Today we found out that March was
yet another month with a massive amounts of imports to America, as businesses tried to beat the “Liberation Day” tariffs declared by Donald Trump on April 2.
The international trade deficit was $162.0 billion in March, up $14.1 billion from $147.8 billion in February. Exports of goods for March were $180.8 billion, $2.2 billion more than February exports. Imports of goods for March were $342.7 billion, $16.3 billion more than February imports.
That’s quite the Trump effect for the first 3 months of 2025, isn’t it?
That explosion in imports will show up in tomorrow’s first look at Q1 GDP, as imports subtract from total
domestic product. Now to be fair, this decline gets recovered when a final product that results from those imports is made and/or sold in the US, plus whatever profit the businesses pull.
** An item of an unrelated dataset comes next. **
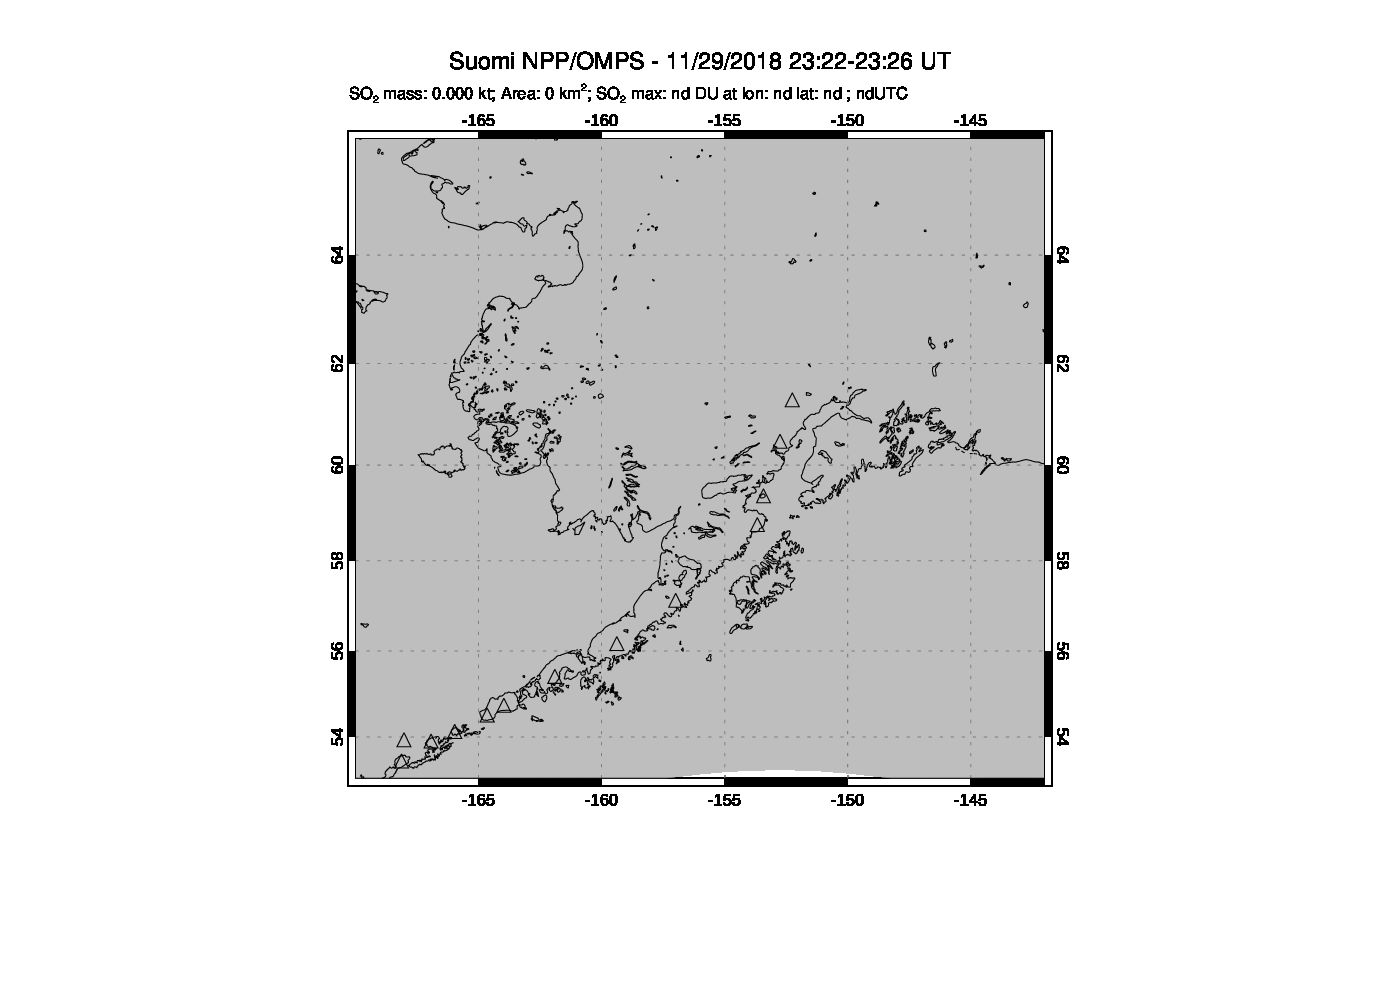 A sulfur dioxide image over Alaska, USA on Nov 29, 2018.

But for Q1, it’s likely to take away from the totals, and March’s continued surge of imports dropped more than 1% from
the final projection of GDPNow from the Atlanta Fed, which came out this morning.
After this morning’s Advance Economic Indicators release from the US Census Bureau, the standard and alternative model nowcasts of the contribution of net exports to first-quarter real GDP growth declined from -4.90 percentage points and -2.85 percentage points, respectively, to -5.26 percentage points and -4.05 percentage points.
Woof. But on the flip side, take out that import surge as well as increases in government purchases and overall inventories (which add to GDP), and the underlying economy generally has held up in the first three months of the year.
As UW-Madison professor Menzie Chinn notes in Econbrowser.
Lastly, I also wanted to mention this part of the Census Bureau’s release, which to me includes a warning about things going forward.
Wholesale inventories for March, adjusted for seasonal variations and trading day differences, but not for price changes, were estimated at an end-of-month level of $908.0 billion, up 0.5 percent (±0.2 percent) from February 2025, and were up 2.3 percent (±0.7 percent) from March 2024. The January 2025 to February 2025 percentage change was revised from the preliminary estimate of up 0.3 percent (±0.2 percent) to up 0.5 percent (±0.2 percent).
So that’s two straight months of 0.5% increases in the value of inventories for businesses. Combine this increase in inventory with the rush of imports, and I don’t see much of a need to have much more to order in the coming months, do you?
Which helps explain why we’ve been seeing reports like this in recent weeks.
What makes
the drop in consumer confidence in 2025 so remarkable to me is that the really bad stuff of layoffs (from a lack of orders) and higher prices (from tariffs) has largely yet to happen. But Americans seem to recognize that it’s coming soon enough, and if consumers start to cut back on their spending because of those well-founded worries about the future of the economy, then the recessionary cycle that we are likely to enter in Q2 will continue and deepen over time.